Terdengar suara gaduh dari luar, sekelompok pria memaksa masuk dan seperti yang aku ucapkan mereka benar-benar mencariku. Dan dari sini aku belajar dan yakin bahwa ucapan adalah doa.
"Yo Yohan! Lama tidak bertemu" Sapa sesosok pria yang aku kenal.
"Yaga? Apa yang kalian lakukan?" Tanyaku cemas.

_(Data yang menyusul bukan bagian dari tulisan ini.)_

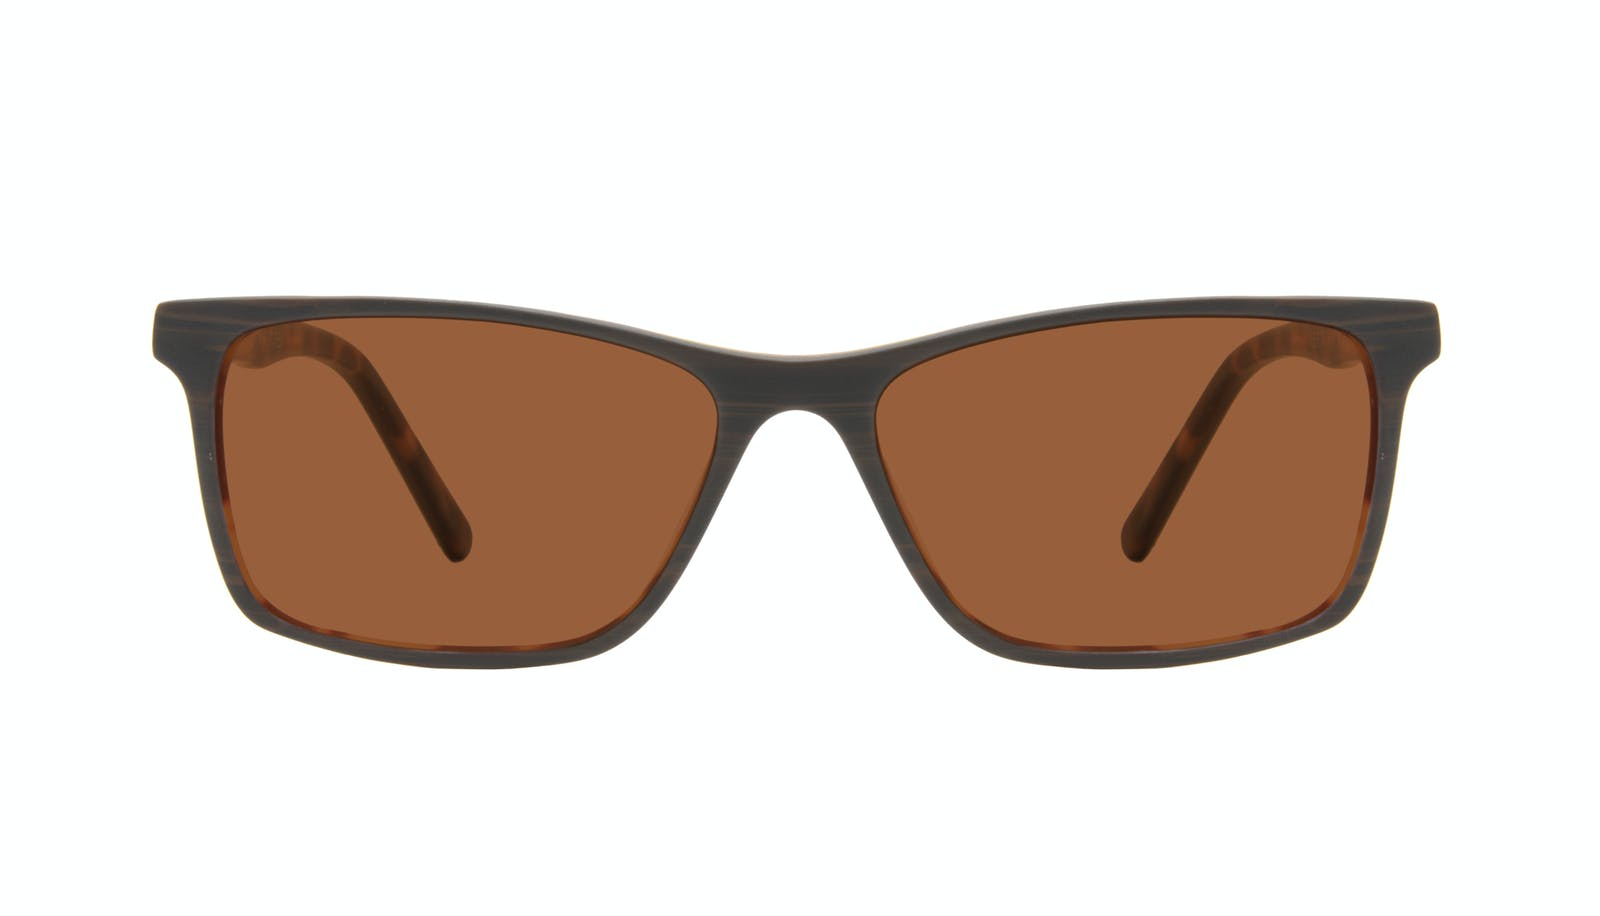 3f561ceeda0 Affordable Fashion Glasses Rectangle Sunglasses Men Henri Brown Stripes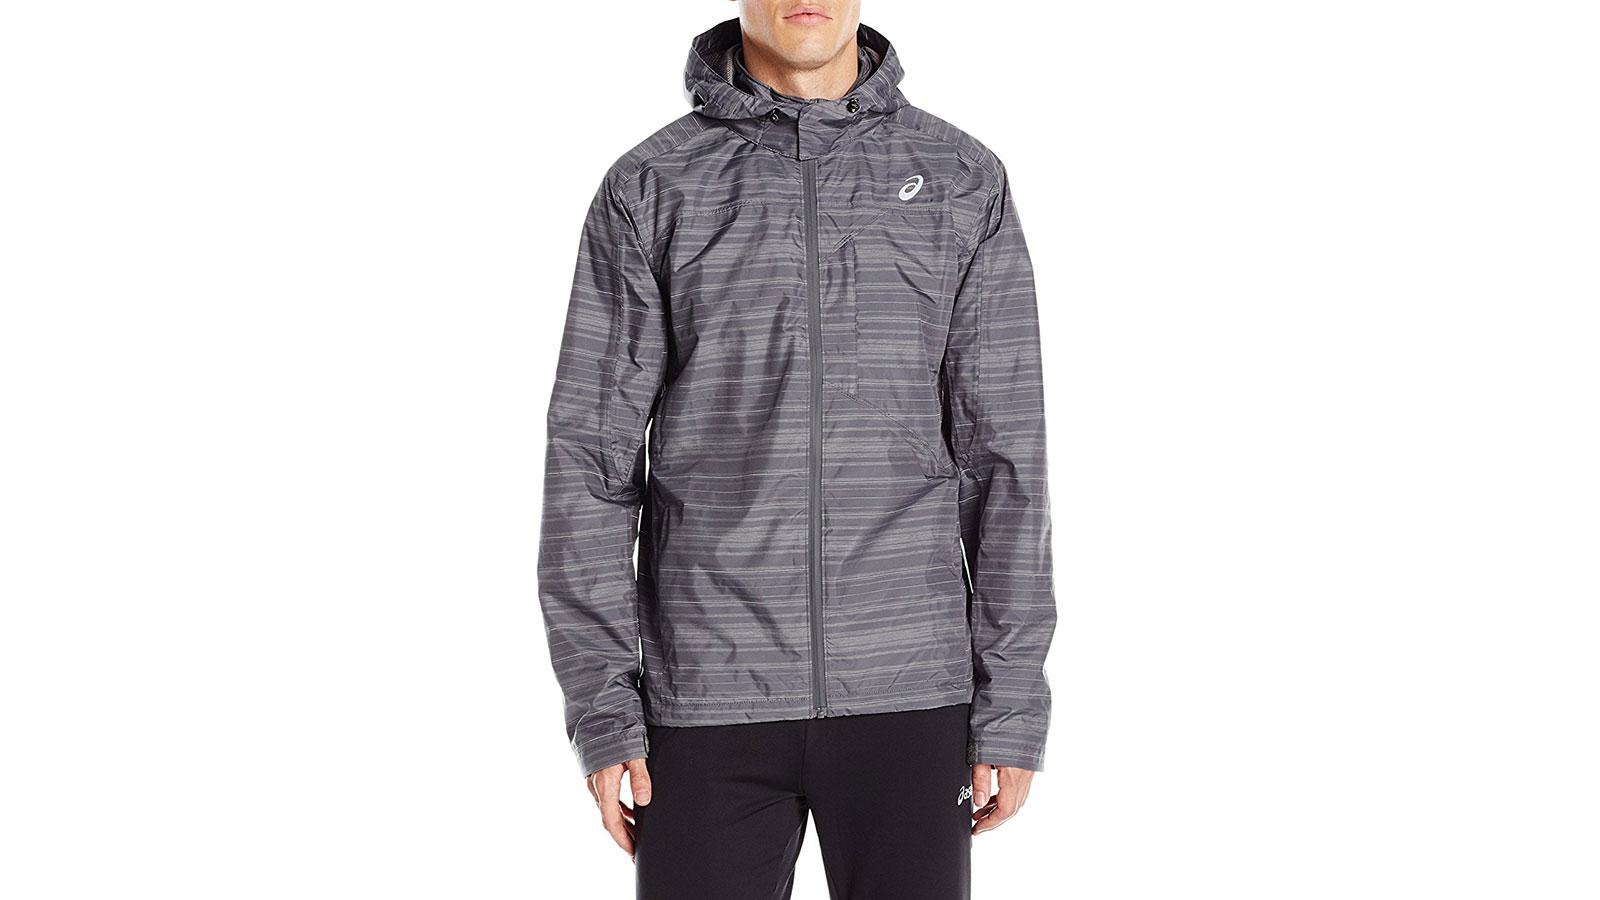 Asics Storm Shelter Running Men's Windbreaker Jacket   the best men's windbreakr jackets

Aku berpikir keras dan berusaha mengingat hal atau kesalahan yang aku lakukan sehingga mereka datang menemuiku. Tanpa sadar seisi kelas dipenuhi kelompok Yaga. Terbesit dipikiranku kalau mereka adalah kelompok Headless God.
"Bisa kau ikut dengan kami?"Ajak Yaga, dengan halus.
Dari nada dan cara dia menatapku tak sedikitpun aku rasakan intimidasi, jadi aku ikuti perkataanya karena tak mau mendapatkan masalah yang merepotkan atau dengan ini aku bisa menemukan sedikit petunjuk menganai Headless God.
Aku dibawa ke belakang sekolah, tempat ini mengingatkanku tentang kejadian yang menimpa Dion.
"Dari tatapanmu aku tau pikiranmu dipenuhi banyak pertanyaan bukan, Yohan?" Ucap Yaga memulai percakapan.
Aku cukup curiga kepada kelompok Yaga, mengenai insiden yang menimpa Dion dan serangkaian hal yang secara tak langsung mengarah ke Headless God.
"Apakah aku melakukan suatu hal yang mengganggu kalian?Para anggota Headless God?"
"Ahahaha … dia pikir kita Headless God"
Mereka tertawa tak henti-henti, kurasa mereka serius menertawakan ucapanku. Mulai sekarang apapun yang akan terjadi, aku akan siap untuk menghadapinya.
"Sepertinya, kau salah paham Yohan. Kami disini tidak untuk menangkapmu atau apapun itu, melainkan ingin merekrutmu"
Aku hanya terdiam mencoba mencerna perkataan Yaga mengenai kata-kata"merekrut" jadi benar bahwa mereka kelompok Headless God, lalu kenapa mereka merekrutku bukan untuk menangkapku.
"Kalian bercanda?" Balasku sinis.
"Oh! Bukan bergabung dengan Headless God, kami berbeda dengan kelompok berandalan sadis itu. Bergabunglah dengan kami, kelompok Raven".
"Eh? Raven?"
Kehidupanku yang damai telah berakhir, dari sinilah kehidupan dan sensasi yang berbeda dimulai.